Finding peace after living a family 'lie' ?? The new novel ‘The Maharani's Hidden Granddaughter’ tells the story of Maha Akhtar, who after 44 years discovered her father was not who she thought he was.

When Maha Akhtar tried to renew her British passport while studying in Spain, she discovered that her mother had been misleading her about her father -- and that she is, in fact, the granddaughter of an Indian Maharaja.

Her family story could become a Hollywood film and while Akhtar has not completely gotten over the shock, she has written a book to tell her side of the story.

Akhtar was taken aback when her request for a birth certificate, which she needed to complete her passport application, was turned down. She began to dig around and, to her great surprise, learned that she was not born in Australia as her mother had told her but instead in Lebanon.

And more surprisingly, he discovered her father was Ajit Singh, the offspring of a young Spanish dancer from Malaga, Anita Delgado, and one of India's richest Maharajas, Jagatjit Singh.

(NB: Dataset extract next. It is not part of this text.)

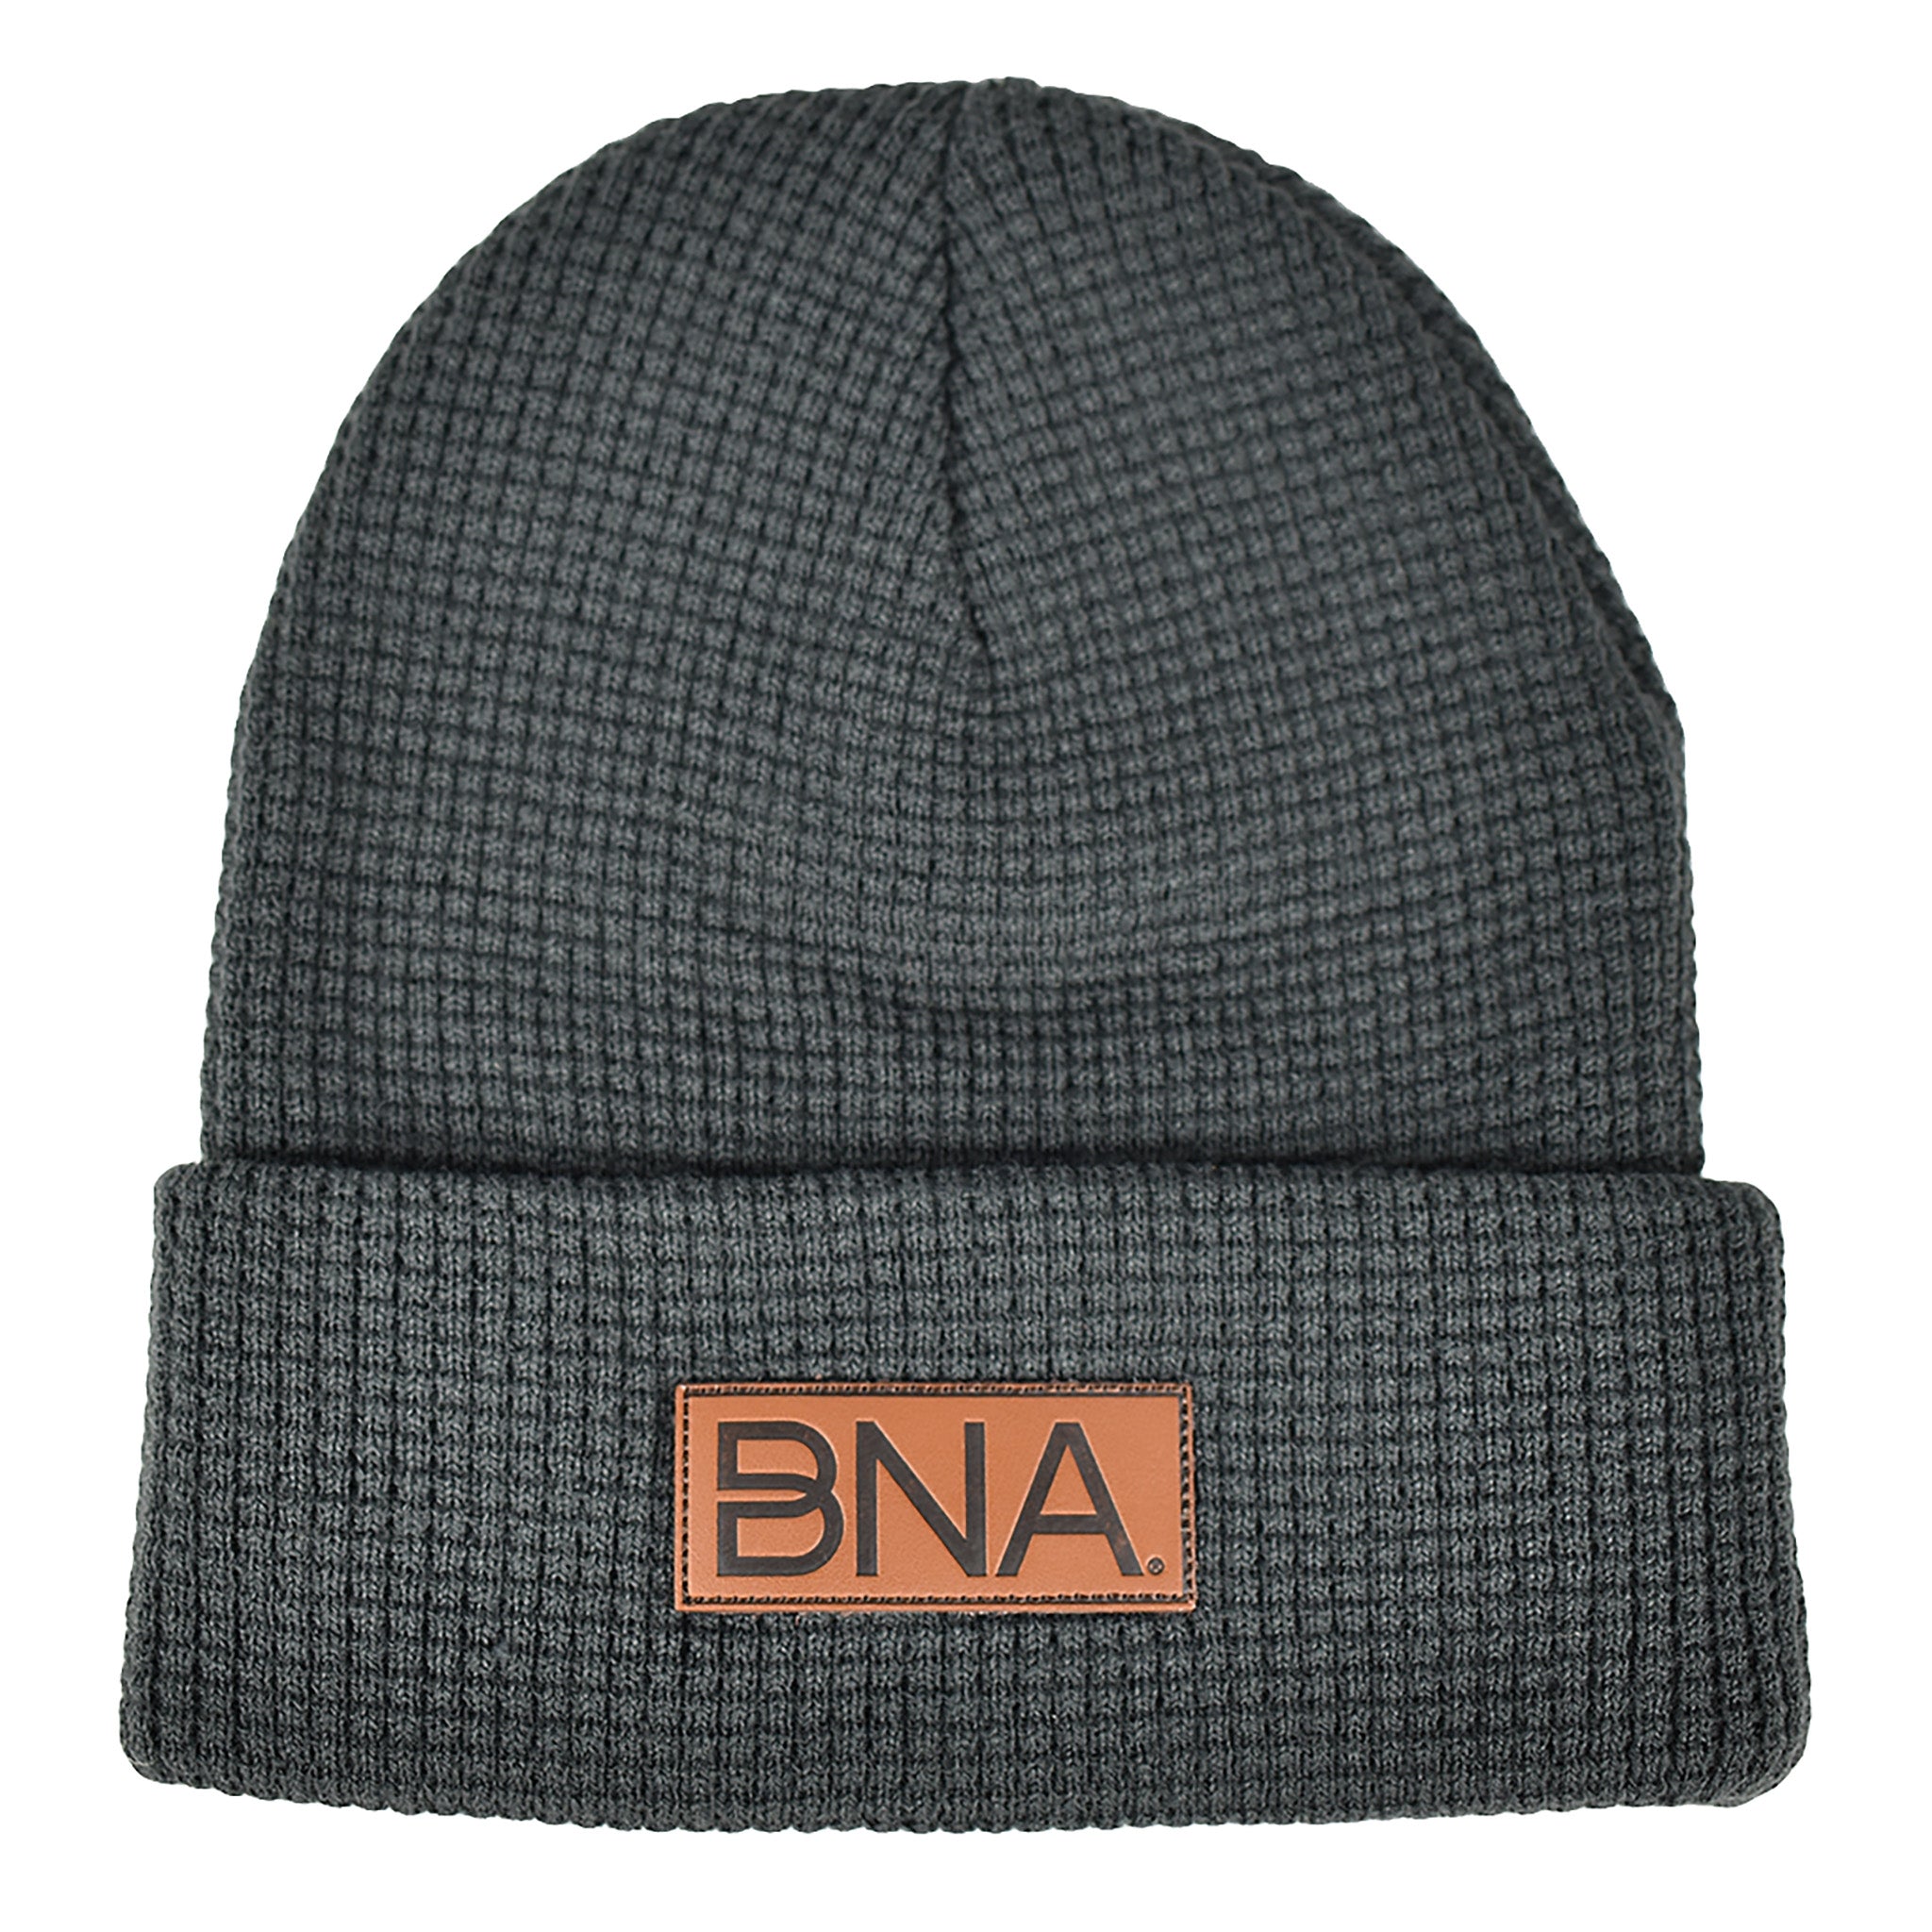 Charcoal gray waffle knit beanie with brown faux leather patch on cuff.  Patch features debossed BNA logo.

Delgado married the Maharaja in 1907.

Akhtar had always thought her father was her mother's Pakistani husband.

From shock to sympathy

"I felt tremendous anger and shock, I felt like I had lived a lie,” the 44-year-old Akhtar said at the presentation of her memoirs in Madrid in May. “But with time and by discussing what had happened with my aunt, I started to feel compassion towards my mother."

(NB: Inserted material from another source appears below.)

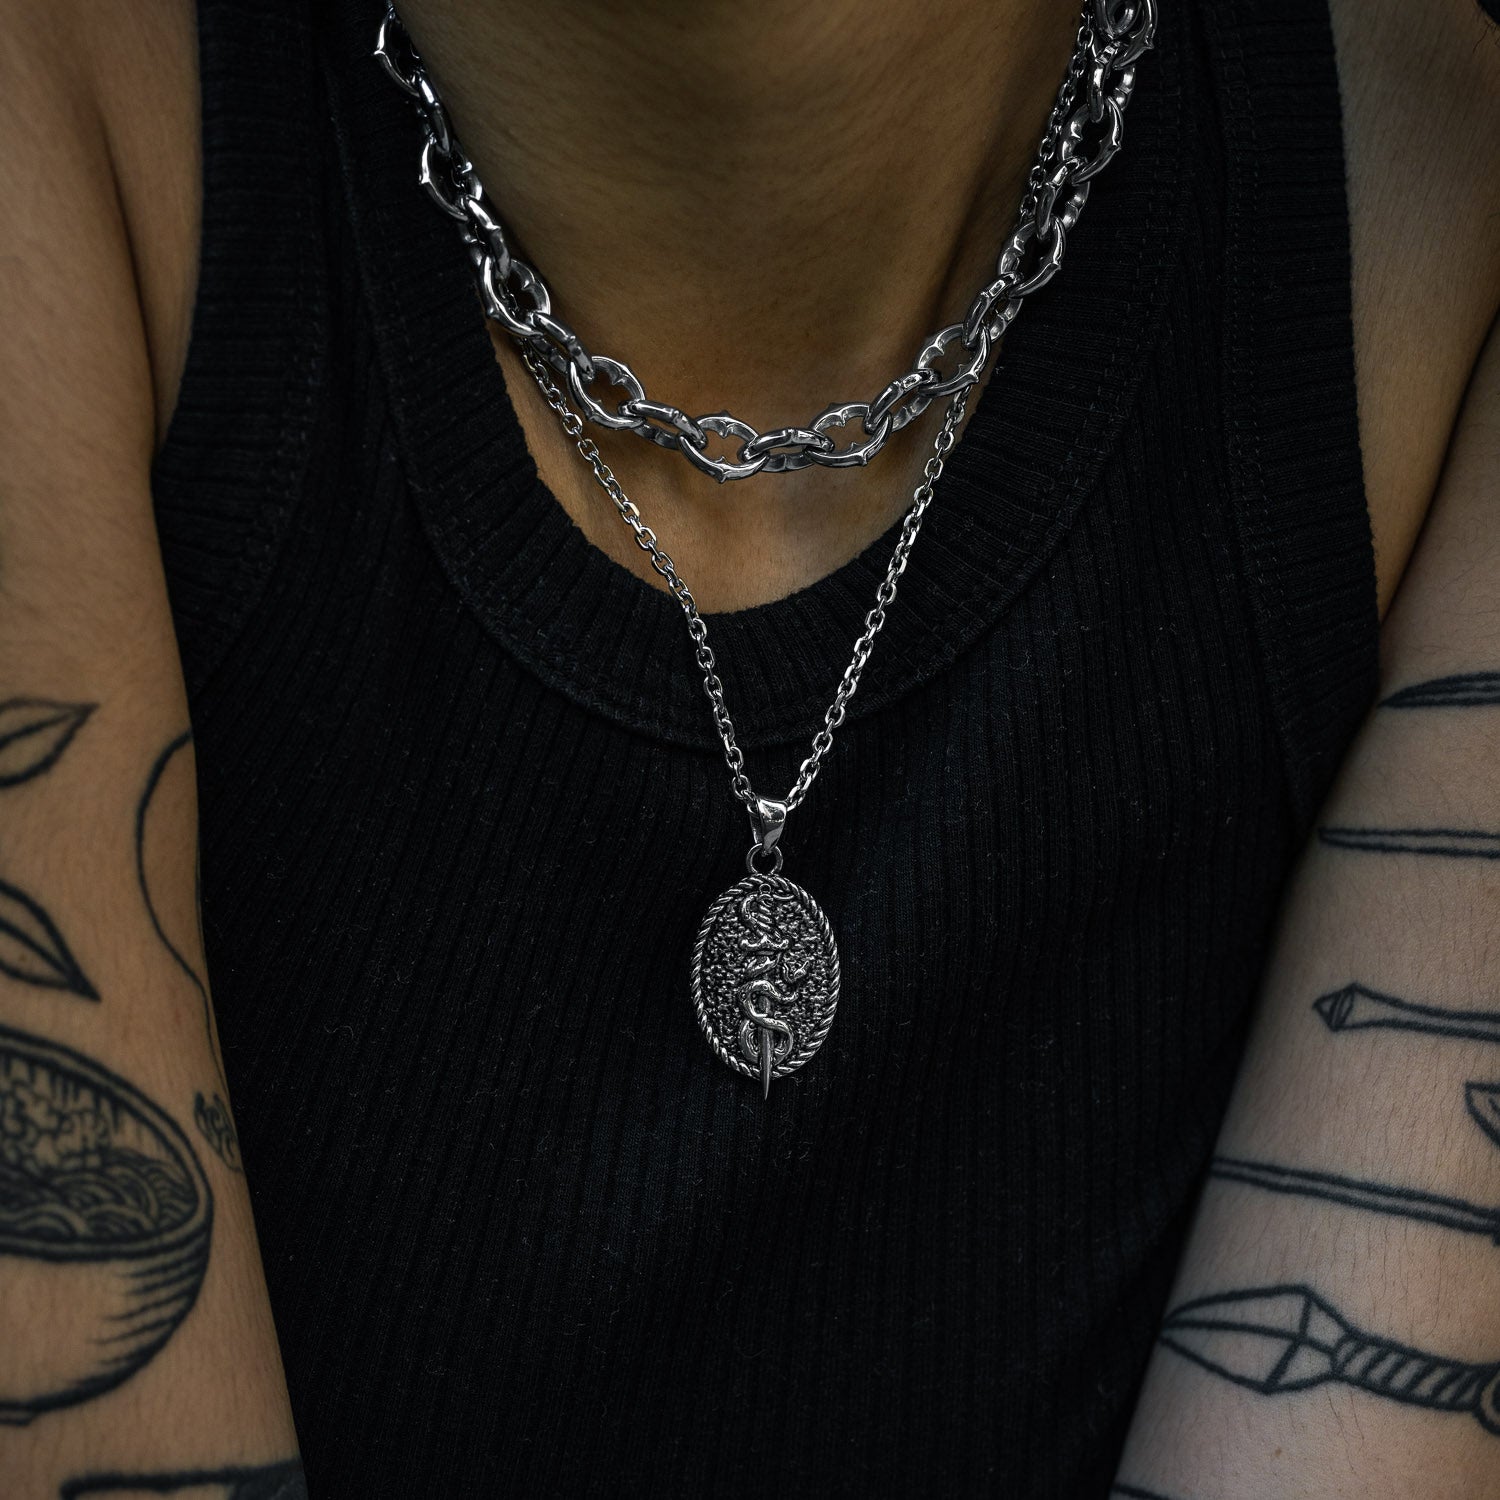 dagger with snake wrapped pendant necklace by statement collective

The marriage of Anita and the Maharaja of Kapurthala in northern India is well known in Spain thanks to the 2005 book Passion India by Javier Moro, which tells the story of the couple.

Oscar-winning Spanish actress Penelope Cruz has bought the rights to the book with a view to turning it into a movie in which she would play the lead role.

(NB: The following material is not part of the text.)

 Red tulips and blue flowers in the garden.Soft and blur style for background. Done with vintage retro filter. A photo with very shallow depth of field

Anita met Jagatjit, then a prince who was 18 years her senior, when he came to Spain for the wedding of King Alfonso XIII to a granddaughter of Britain's Queen Victoria, Princess Victoria Eugenie, in 1906.

She married him the following year at the age of 17 and became the Maharani of Kapurthala. They divorced after she had an affair with one of the Maharajah's sons from one of his four previous marriages.

In the 1960s, their son Ajit had a brief affair with Maha's mother, Zahra Ajami, which resulted in her returning to Beirut alone and pregnant.

The Maharaja paid a Pakistani associate to marry Zahra and after she gave birth to the baby -- Maha Akhtar -- and the couple moved to Australia.

Discovering her roots

Akhtar, who was educated in Britain and the United States, said she had never heard about the Spanish Maharani before learning the truth of her ancestry.

Since making her discovery, Akhtar has made several visits to New Dehli to meet family on her father's side.

"I did not go looking for them, they found me and I'm very happy they found me because I would not have gone looking for them,” she said. “Because it's embarrassing. You don't go knocking at somebody's door.”

The visits went well.

"They have been generous and kind and just welcoming and warm,” she said. “I feel part of this -- they have made me feel part of that family. They are extremely open, they have not hidden anything from me.”


Akhtar began to study flamenco in 1996, years before she became aware that her grandmother had been a dancer from Spain.

Akhtar herself worked for a while as a production assistant for The Cure, the British new wave rock band, and then for 15 years in New York with veteran CBS news anchor Dan Rather. She became a professional flamenco dancer in 2005.

"I have a passion for dance,” said Akhtar, who has also studied the kathak, the classical dance of northern India. “I don't know where this passion comes from."

Akhtar, who speaks six languages, currently divides her time between New York, Seville and New Delhi.

Translation rights for her book, The Maharani's Hidden Granddaughter, have already been sold in Brazil, China and Germany and an English version will be launched shortly in India.